I don't know. I just tried it again (on NT) with a fresh debug build from 
today's tree. I verified that no other mozilla processes were running and I see 
the same non-crash I described above. I'm still waiting to hear that anyone else 
has reproduced this or see a stack.
alecf saw it, I'll ask him to attach a stack...
Okay, so I talked to jband and here's what's going on:

When you register the JS object, a native wrapper object is created, which gets
added to the list, and then disappears when you exit the function since there
isn't an owning reference keeping it alive.

To fix this AddProgressListener should use owning references, which also means
fixing other clients so they cleanly RemoveProgresslistener where appropriate.

Ugh.
what I don't understand is why a global variable isn't enough to keep a
reference. jband?
alecf: The JSObject will be rooted as a property of global object. But, the 
xpconnect wrapper that is built to be used by the native code lives only as long 
as its reference count is > 0. In this case, the wrapper is transparently 
created by xpconnect with a refcount of 1 to be used as an 'in' param to 
AddProgressListener. Since AddProgressListener does not addref the copy of the 
pointer it stores, xpconnect's Release on the wrapper causes the wrapper's 
destruction.

jag: I'm not so sure that forcing the use of a strong reference is the best way 
to go. If it were up to me I'd convert the progress listener stuff to use the 
same pattern as nsIObserverList. That system has all the support needed to 
transparently work with nsIObservers that support nsISupportsWeakReference (or 
not). You could look into cloning that pattern for use with 
nsIWebProgressListener. Then you'd need to make the other listeners either 
implement nsISupportsWeakReference or change their use to make them deal with 
the doc loader holding a strong reference.

Right this moment xpconnect wrapped JSObjects do not support 
nsISupportsWeakReference. But I'm working on it. See bug 66950.
I like jband's suggestion of using weak-when-available and strong refs, then
fixing up the callers. That probably wouldn't be particularily hard either.

My one concern is that when JS objects DO support weak refs, we'll be in a
different, broken situation: we'll call addProgressListener, the progress
listener won't hold a strong ref, neither will the JS wrapper class, and then
the object will just die, leaving us with an expired weak reference. we won't
crash, but the listener won't stay attached either.
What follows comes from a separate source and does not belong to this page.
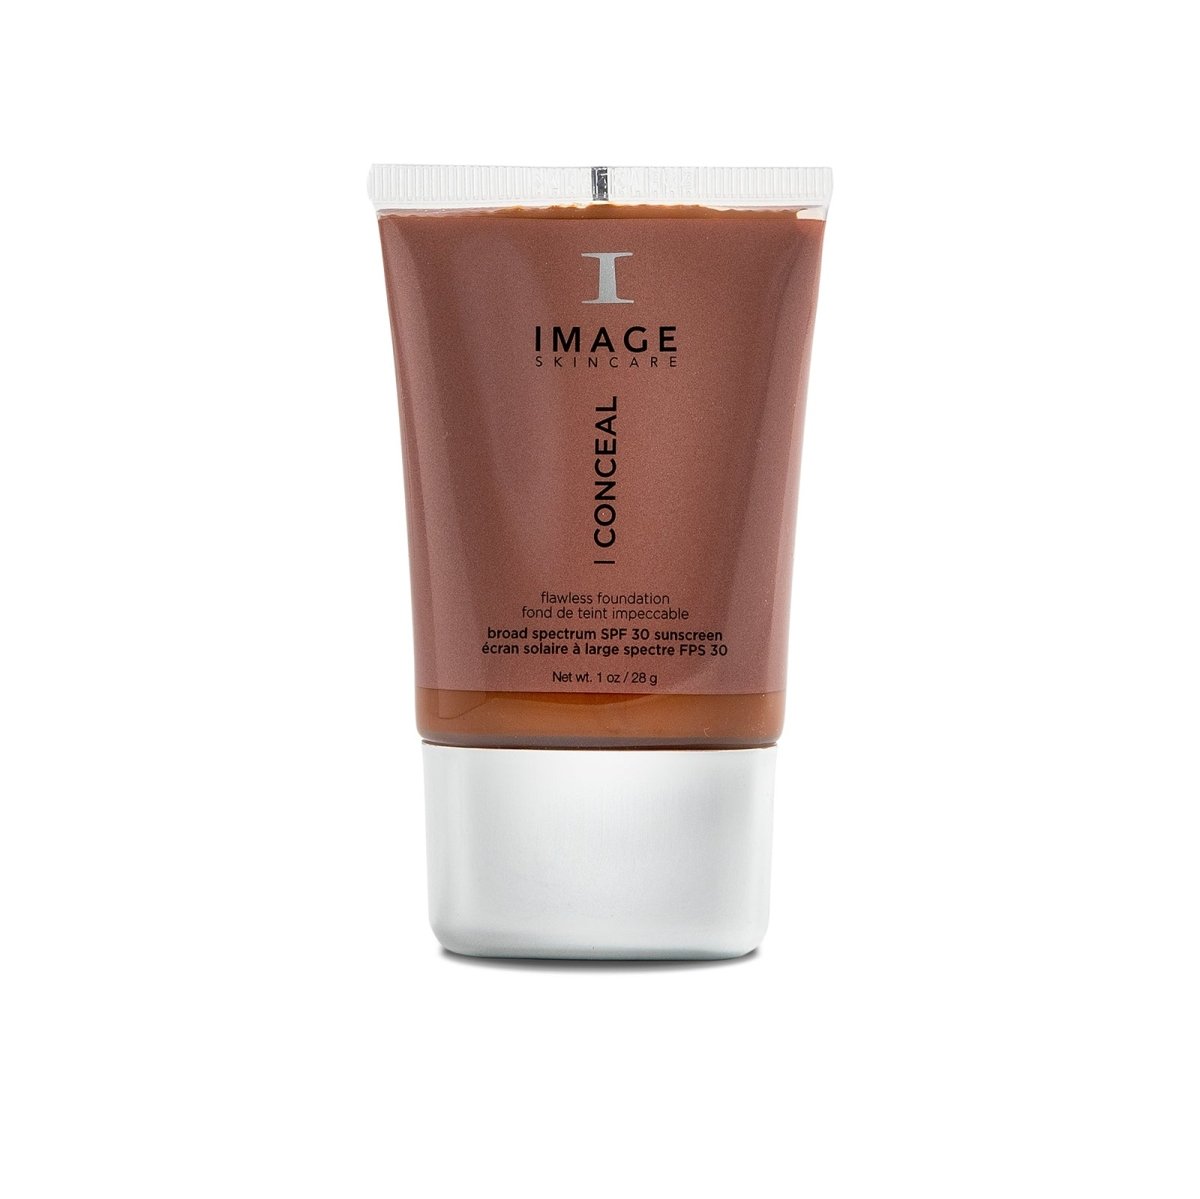 IMAGE Skincare I CONCEAL Flawless Foundation SPF 30 - SkincareEssentials

However, I'm imagining that fixing bug 66950 is going to cause all sorts of
similar problems with other JS-implemented observer mechanisms, including
nsIObserverService and friends. (i.e. it's not specific to this bug, so jag we
should just go ahead with jband's suggestion anyway)
No, I belief the idea is that the JS wrapper won't go away as long as there's a
weak reference to the wrapper and the JS object isn't about to be GC'ed. 

Anyway, see bug 65925 which has already done most of the work of making
addProgressListener use weak references.

Marking this depend on that.
Depends on: 65925
I think alecf was refering to cases where there is nothing rooting the referent 
JSObject *except* the strong reference via xpconnect. When those references 
become weak then the JSObject is subject to gc. See my (2001-01-30 13:04) 
comment in bug 66950 about giving the JSObjects some control over whether or not 
a given wrapper will support nsISupportsWeakReference.
AddProgressListener now expects the listener to support weak references.
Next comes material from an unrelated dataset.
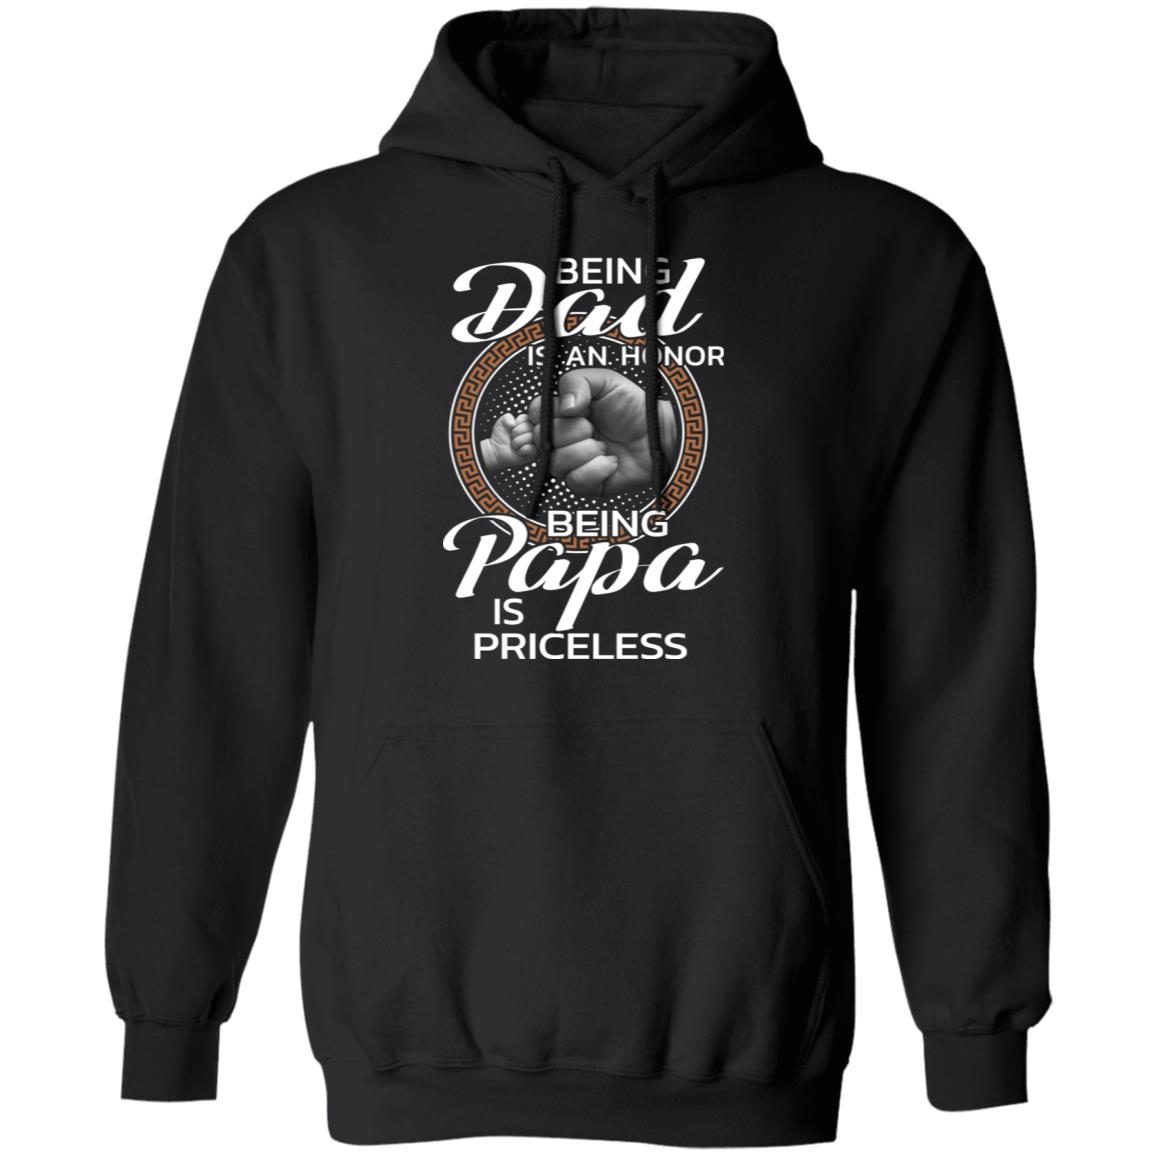 Being Dad is An Honor Being Papa is Priceless shirt

I guess we can wait for bug 66950 to be fixed, add strong ref support to
AddProgressListener like what's in nsObserversList::AddObserver, or do both.
Depends on: 66950
we should do both. we aren't dependant on 66950, and in fact we really need to
make sure addprogresslistener does do strong references in order to fix this.
QA Contact: sairuh → ckritzer
I thought this was basically fixed now that we support proper strong refs in
addprogresslistener?
We do?

All I see so far is proper support for weak refs.
argh, I meant proper weak, not proper strong :)
Yes, it is fixed in that we don't crash anymore :-) The wrapper goes away, and
thanks to the weak ref this is detected in a safe manner. Unfortunately, we
don't want the wrapper to go away in the first place ;-)

I could open a new bug on not being able to register a JS web progress listener
without creating a kung fu deathgrip nsISupportsArray from JS ;-)
66950 is now fixed; does this problem go away w/ that fix (and after you've made
your js object support nsIWeakReference)? observers should be held weakly (by
definition) IMO. If we're going to special case this to handle observers that
don't support weak refs, we should just pull the weak ref stuff altogether.
maintaining both models just adds confusion.

IMO, observers should be in complete control of their lifetime, we shouldn't be
gripping them to death.
Well, the original problem is fixed, we don't crash any longer.

But, the native wrapper object for the JS listener object still goes away
because there's nothing holding a strong reference to it, so my problem isn't
solved yet.

Also, since you need to hold a strong reference to the native wrapper object,
you can't just do something like this from JS:

var gListeners = []; gListeners.push(myListener);

since that will only hold a JS reference (? I need to improve my vocabulary!) to
the JS object, not the native wrapper.

One alternative solution is to do something like this from JS:
1) create nsISupportsArray
2) add listener to supports array (strong ref to wrapper object)
3) register listener

and then at an appropriate time the listener could be unregistered and should be
removed from the supports array.

This of course is assuming our code reuses the wrapper object created for the
reference in the nsISupportsArray.

> If we're going to special case this to handle observers that
> don't support weak refs, we should just pull the weak ref stuff altogether.
> maintaining both models just adds confusion.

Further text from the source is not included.